The American College of Rheumatology is an international professional medical society that represents more than 9,500 rheumatologists and rheumatology health professionals around the world. Its mission is to Advance Rheumatology! The ACR/ARHP Annual Meeting is the premier meeting in rheumatology. For more information about the meeting, visit http://www.acrannualmeeting.org/ or join the conversation on Twitter by using the official #ACR14 hashtag. Paper Number: 1836
Safety of Zoster Vaccination Administration in Rheumatic Patients on Current Biologic Therapy
Stephen Lindsey, Brandi Oufnac and Holly Walker, Ochsner Clinic Baton Rouge, Baton Rouge, LA, Ochsner Health Systems, Baton Rouge, LA
Background/Purpose: Herpes Zoster (HZ) occurs in 1 in 3 people in the U.S. during their lifetime. The greatest risk factor is age. Immune suppression from illness or medications is also a strong risk factor. RA increases zoster rates 1.5 - 2 times normal as does > 10mg prednisone per day. Studies are mixed on the role of Mtx and antiTNF’s on HZ. Zoster vaccine has been shown to lower risk and is approved for all patients over 50 by the FDA and recommended for patients over 60 by the Advisory Committee on Immunization Practices (ACIP). Guidelines from the ACIP and ACR do not recommend HZ vaccine in patients on biologic therapies. However, recent large data-base studies have not found an increase in zoster complications in patients inadvertently given the vaccine while on biologics. These data encouraged our group to evaluate the safety of this vaccine in current biologic users. Methods: Since July 2012, all 160 patients with RA, PSA & AS receiving IV biologics in our infusion center have been prospectively assessed for HZ vaccine as well as 142 patients on subq biologics for the same indications. RA accounts for 93% of infusion and 66% of subq patients. All biologics were represented. Remicade was the most common infusion followed by Orencia. Enbrel was the most common subq followed by Humira.
Inclusion/exclusion criteria for vaccination included: age > 50, no hx anaphylaxis to neomycin or gelatin, no episodes of HZ in last 4 years, pregnancy, patient consent, and disease activity stable - moderate or less on consecutive visits. No patients had an active infection or malignancy.
If patient meets criteria, vaccine given at next interval scheduled dose of biologic, which is held. Example - hold Enbrel 1 week, Humira 2 weeks, Orencia 4 weeks, Remicade 8 weeks. Mtx was held week of vaccine and restarted 1 week post vaccine. Biologic restarted 2 weeks after vaccine. In 17 Rituxan patients vaccine was given 2-4 weeks pre Rituxan or > than 6 months post Rituxan.
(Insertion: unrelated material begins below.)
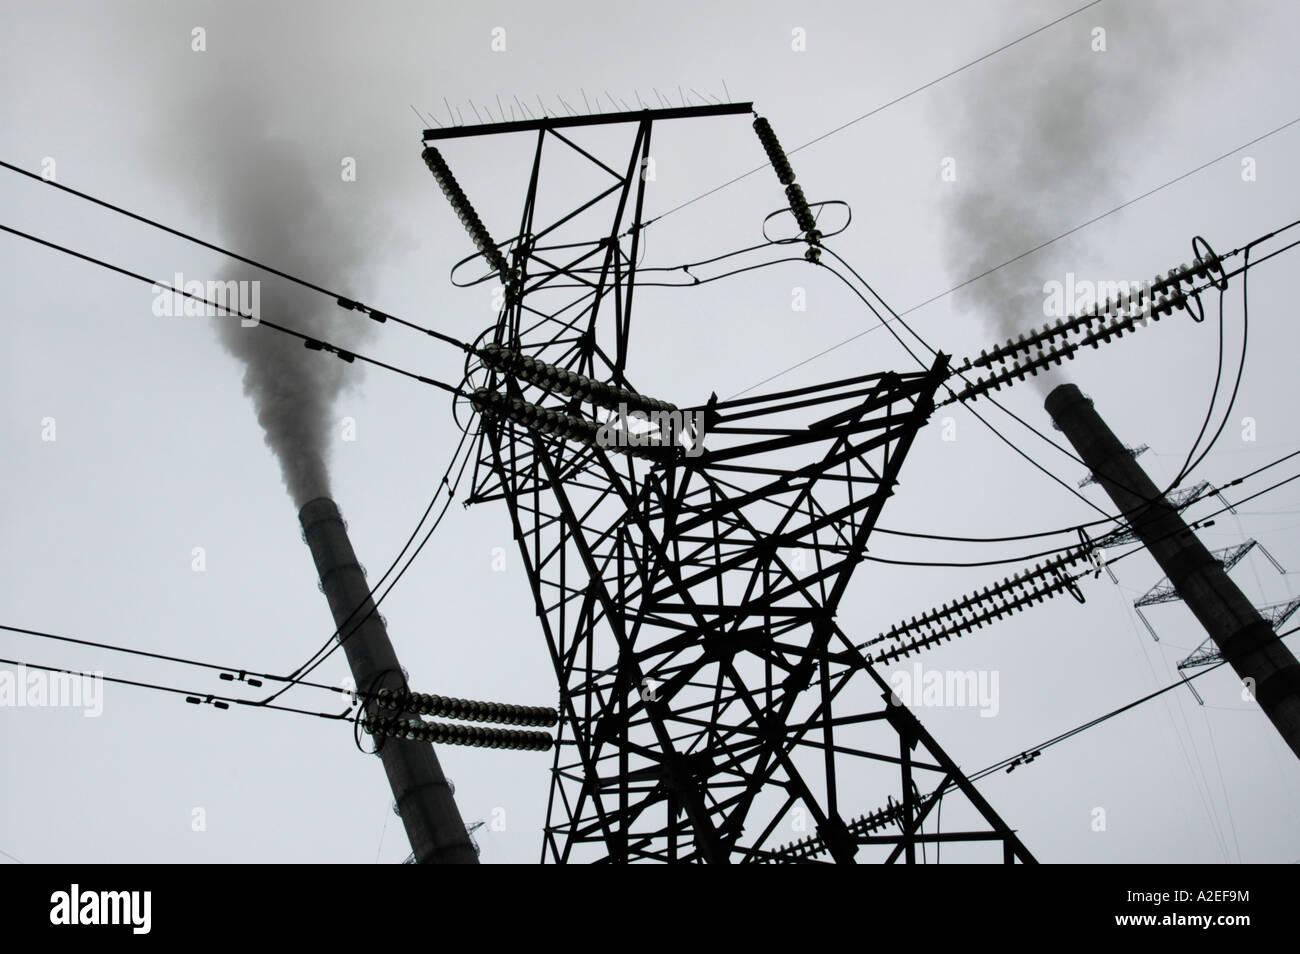 Smoke Stacks High Tension Poles Stock Photo 10498207 Alamy
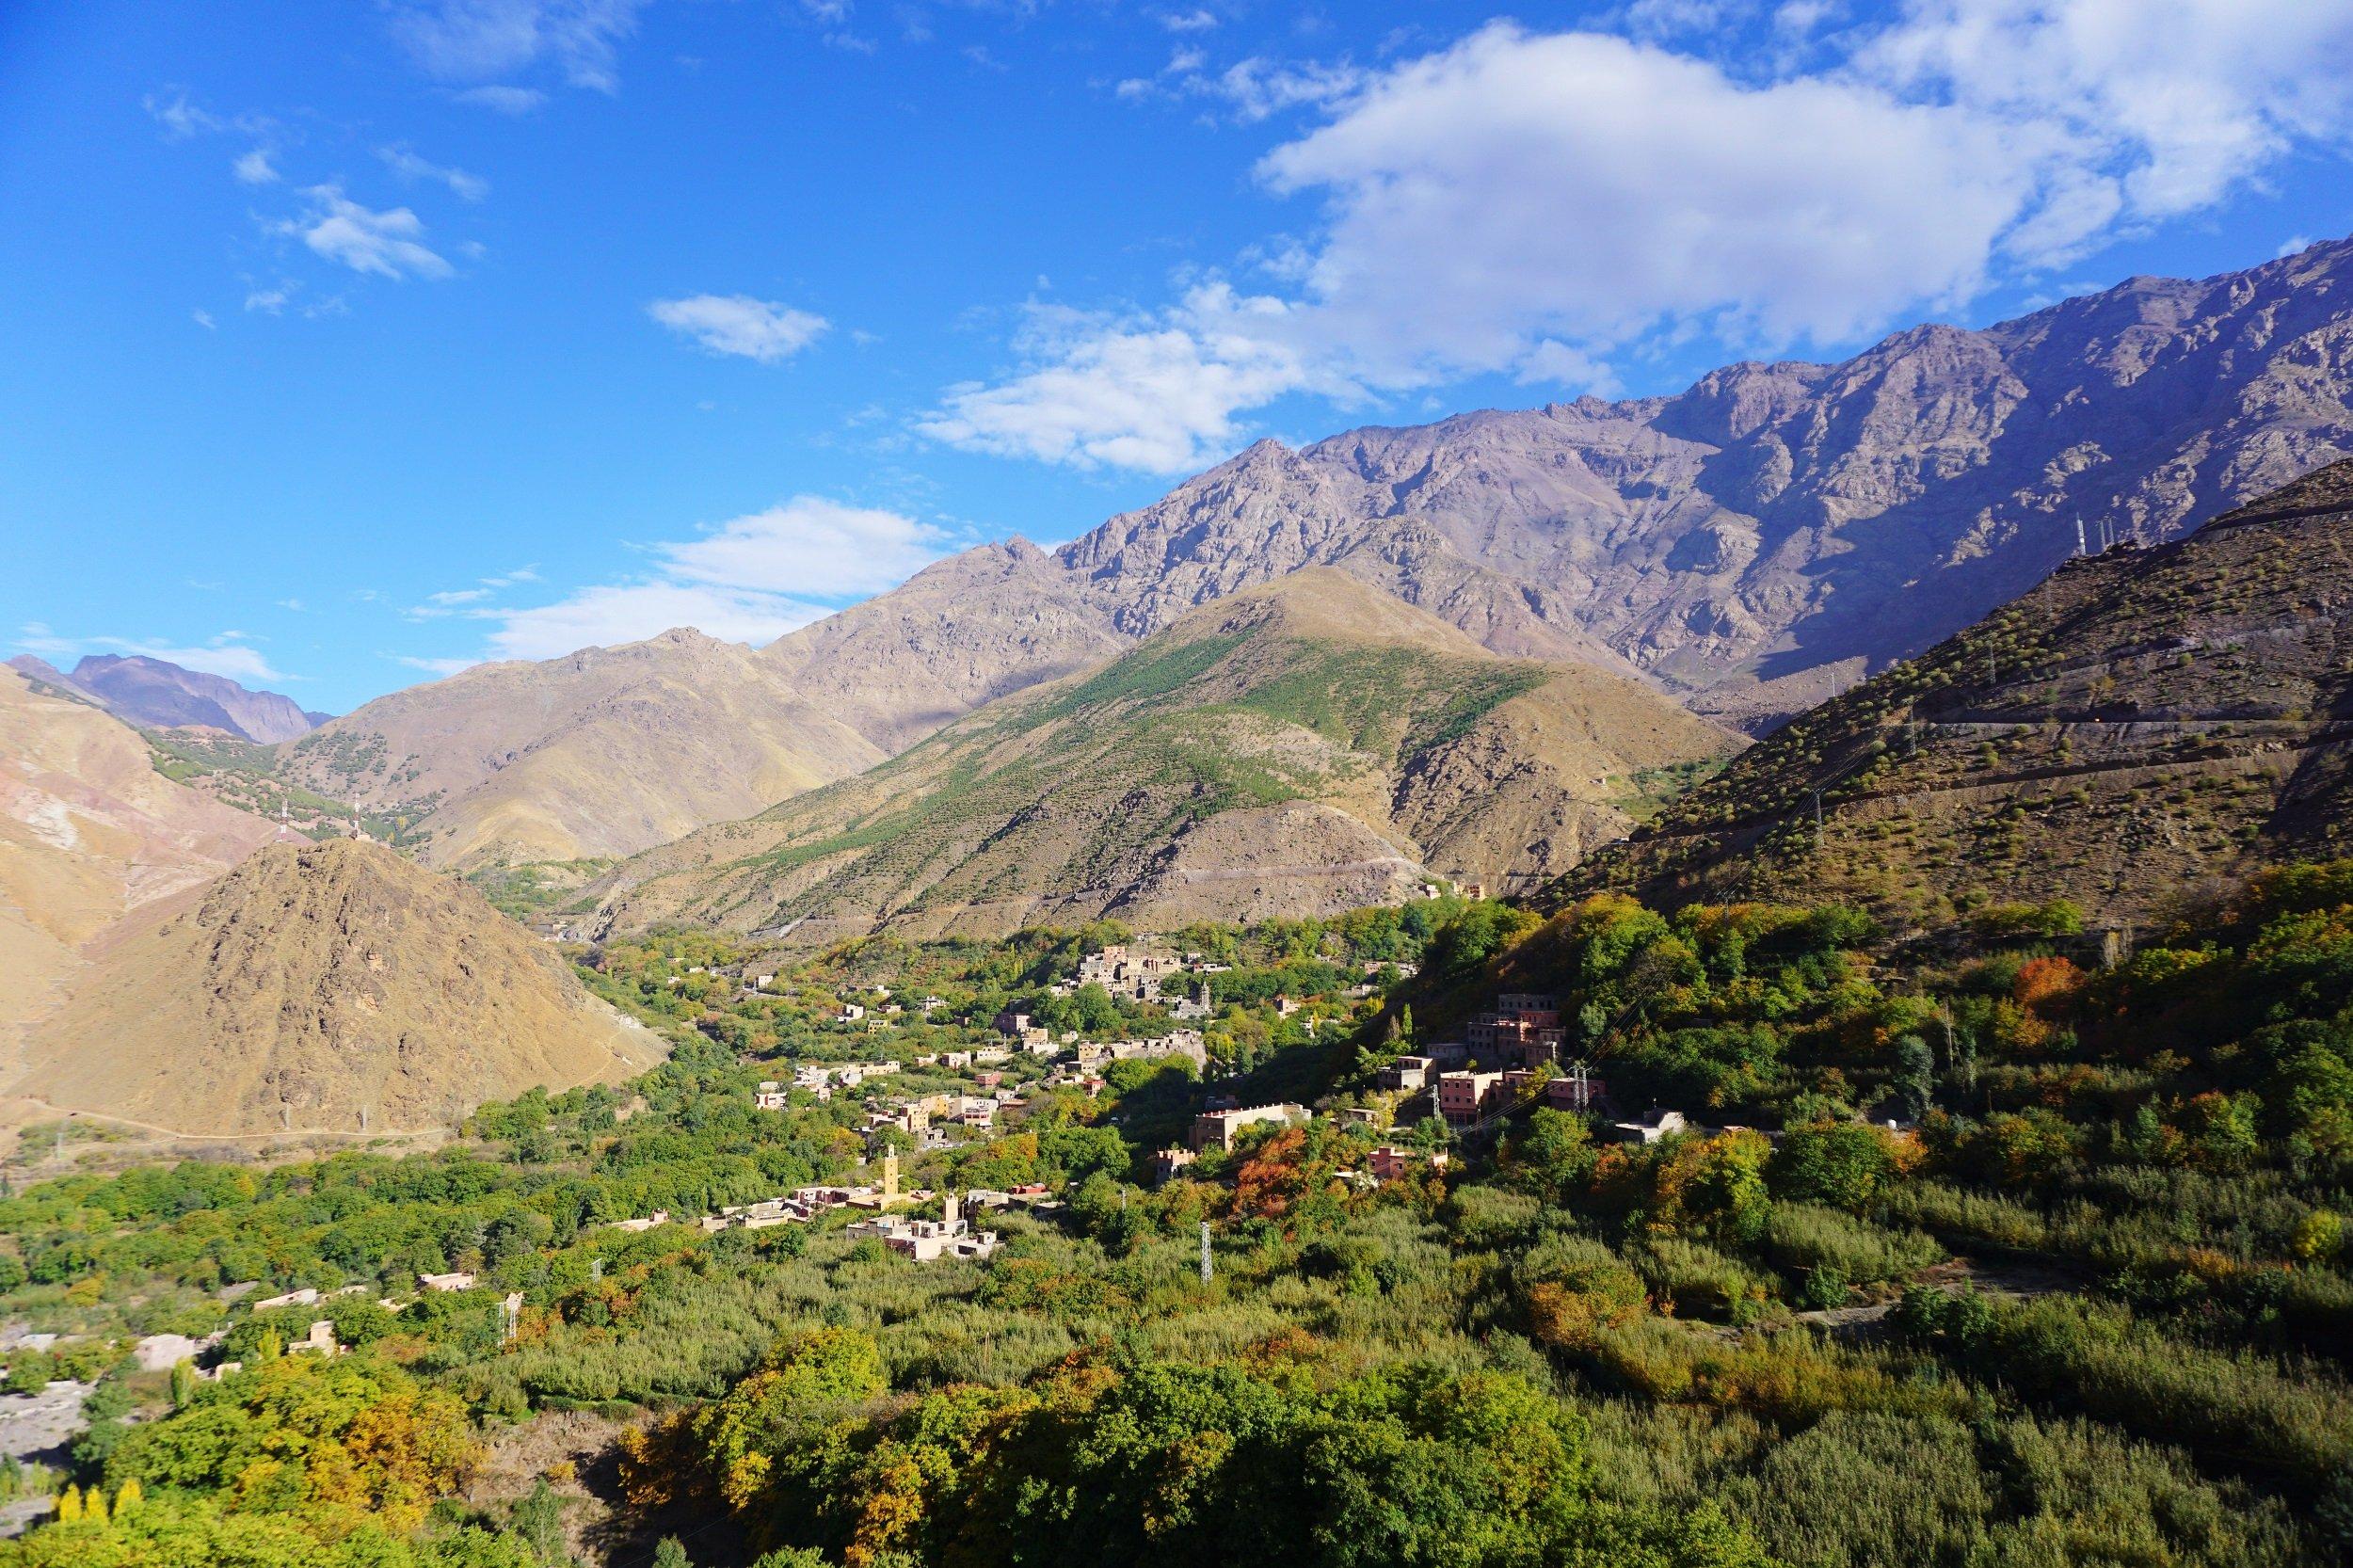 Imlil & Aroumd Berber Village Tour From Marrakesh_3

No other vaccines were given the week of the HZ vaccine. Results: Of 160 infusion patients 110 (68%) have been vaccinated; over 60% had been on biologic > 5 years, 5% < 1 year. No patient developed disseminated HZ. One patient had significant swelling and tenderness at the injection site. Most common reasons not to vaccinate: 11 with recent HZ, 14 < age 50, and 17 with disease activity issues. Of 142 subq patients, 42 (32%) have been vaccinated; over 50% had been on biologic > 5 years, 10% < 1 year. No patients developed disseminated HZ or had a significant local reaction. Most common reasons not to vaccinate: 74 patients < 50, 12 with disease activity issues, 5 with HZ vaccine concerns and 5 with recent HZ. No patients in either group developed HZ within the six weeks post vaccination. Two patients vaccinated since 2012 in our infusion cohort have developed HZ at 16 and 20 months and none in the subq patients. Prior to 2012, only 7 and 8 % of the cohorts had received HZ vaccine.
Conclusion: HZ vaccination in chronic RA, PSA or AS patients on current IV or subq biologic therapies appears safe using this protocol. No occurrence of disseminated HZ occurred. There was no increased incidence of HZ in the early post vaccination period.
Disclosure: S. Lindsey, None; B. Oufnac, None; H. Walker, None.